Australian actor turned first-time feature director Mirrah Foulkes has given us a puzzle in her oddball film Judy and Punch. You could say this was a kind of high concept film. The idea of recovering, or literally re-covering, the Punch and Judy show as a sort of fable about marriage and the battle of the sexes (read domestic violence) – is a proactive starting place. And, true to the 17th century original (the concept was imported into England in the 1660s from Italy), the show has Mr Punch enthusiastically whacking his wife Judy, both via the puppets and backstage.
Early on, Judy (Mia Wasikowska) says to her drunken spouse (Damon Harriman), there seems to be a lot more “bashy” in the show now.

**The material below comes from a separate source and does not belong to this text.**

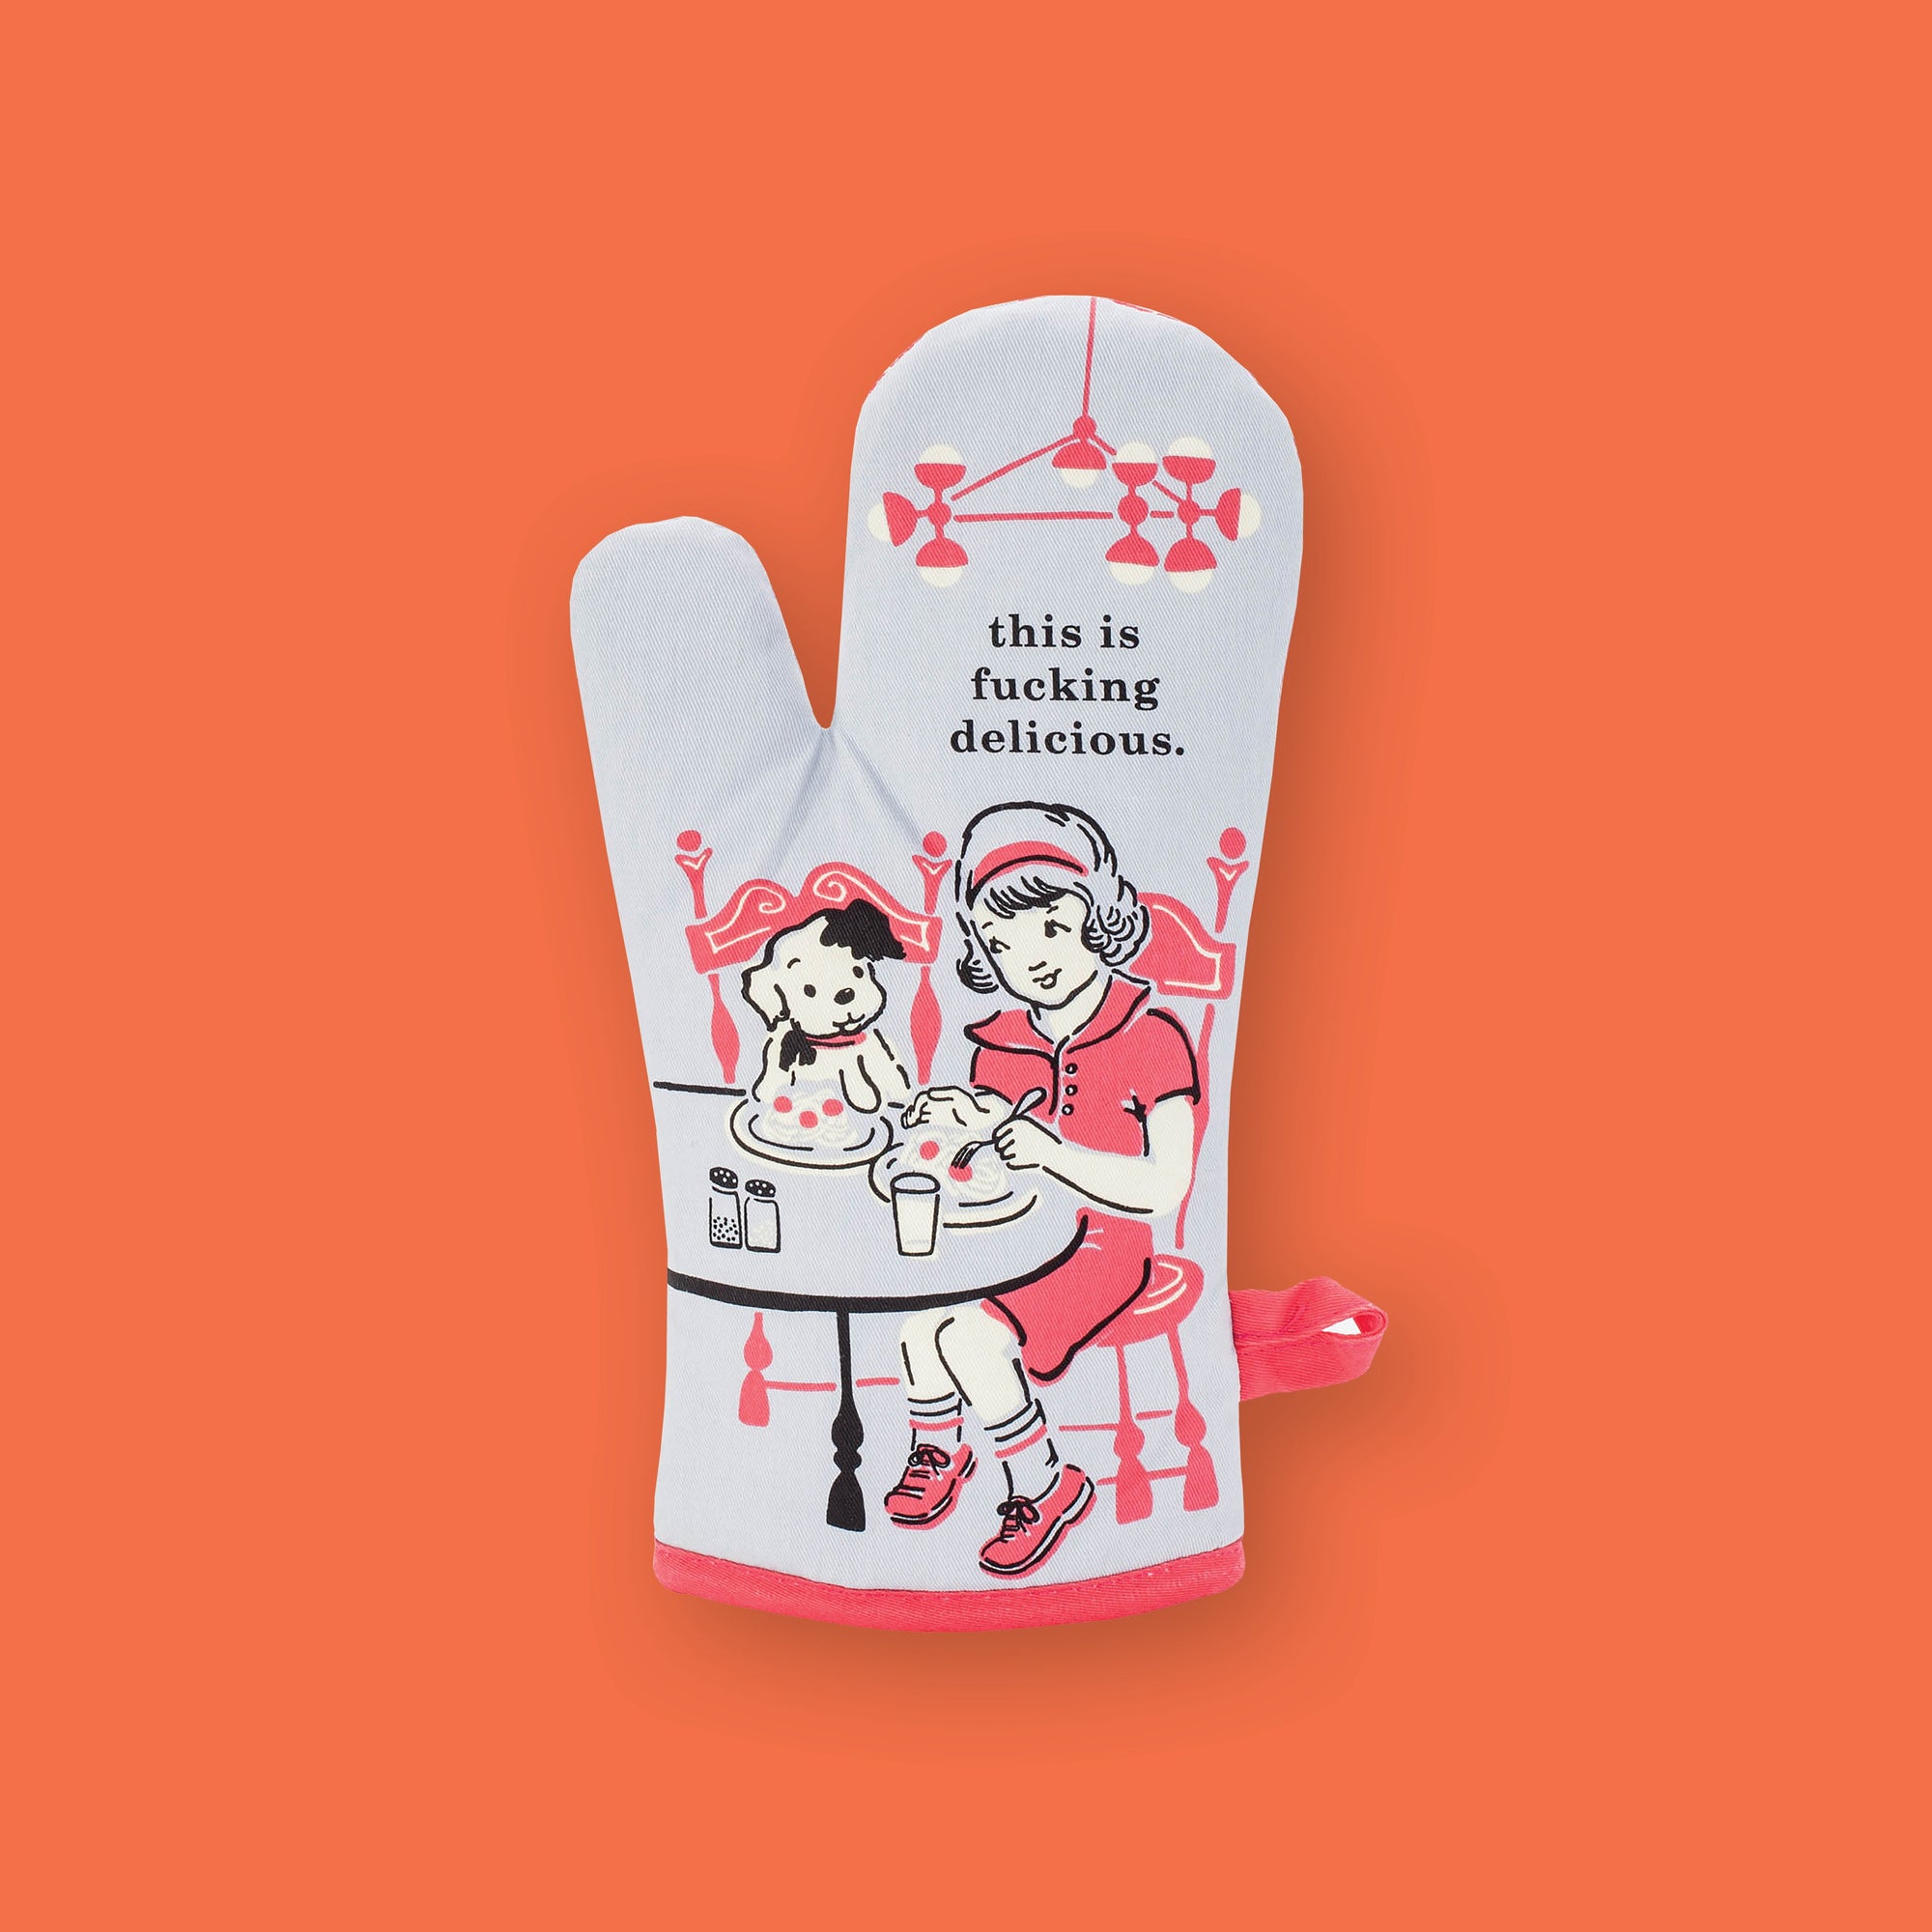 On an orangey-red background sits an oven mitt. This oven mitt has a vintage style illustration of a young girl sitting at a table eating spaghetti wiht her black and white dog. The colors are in light red, black, and white. It says "this is fucking delicious." in black, serif font.

Punch slaps her down verbally by saying that the public likes “bashy” and therefore it stays in the show. We see straight away the dynamic between them and fear for her and all those around the volatile Professor Punch.
Foulkes has set her film in a late middle ages village called Seaside (a nod to the puppet show’s normal location perhaps, but in this case deliberately upended as it is nowhere near the sea). The village is inhabited by a range of rather overripe characters and the general bawdy atmosphere of superstition and mob cruelty seems to carry the day. The gentler souls – a band of misfits in the villagers’ eyes – have been exiled to the forest beyond. The townsfolk are more archetypes in a way and the film doesn’t really trade in much semblance of psychological realism, any more than it has conventional plotting other than one tragi-comic inciting incident.
The look and feel of the film are certainly interesting, but it has to be said that the tone throughout is bit uncertain. Sometimes it is rollicking fun, at other times we feel we are being preached to in modern terms by the script. Proponents of the film will see this as deliberate, others will see it as a serious lack of clarity of purpose. Of course, we should recall that the original puppet show was not just intended for kids, it was a saucy (and ‘violent’) entertainment.
There are a large array of influences and genres on display too, from female-driven revenge thriller to Monty Python madcapism. In fact, the Pythonesque elements are a case in point for, at times, the film resembles something by Terry Gilliam with all the ill-discipline and excess of whimsy that might imply.
The director has gone on record as saying that we should see the film as “bat shit crazy and fun”. Well, be careful what you wish for. One person’s crazy is another person’s WTF? It is certainly a film that will provoke and divide audiences. It is good not to be bland. There are memorable moments and promising directorial touches but, in another way, there is so much crammed in that it becomes a bit of a dog’s breakfast – with extra sausage of course.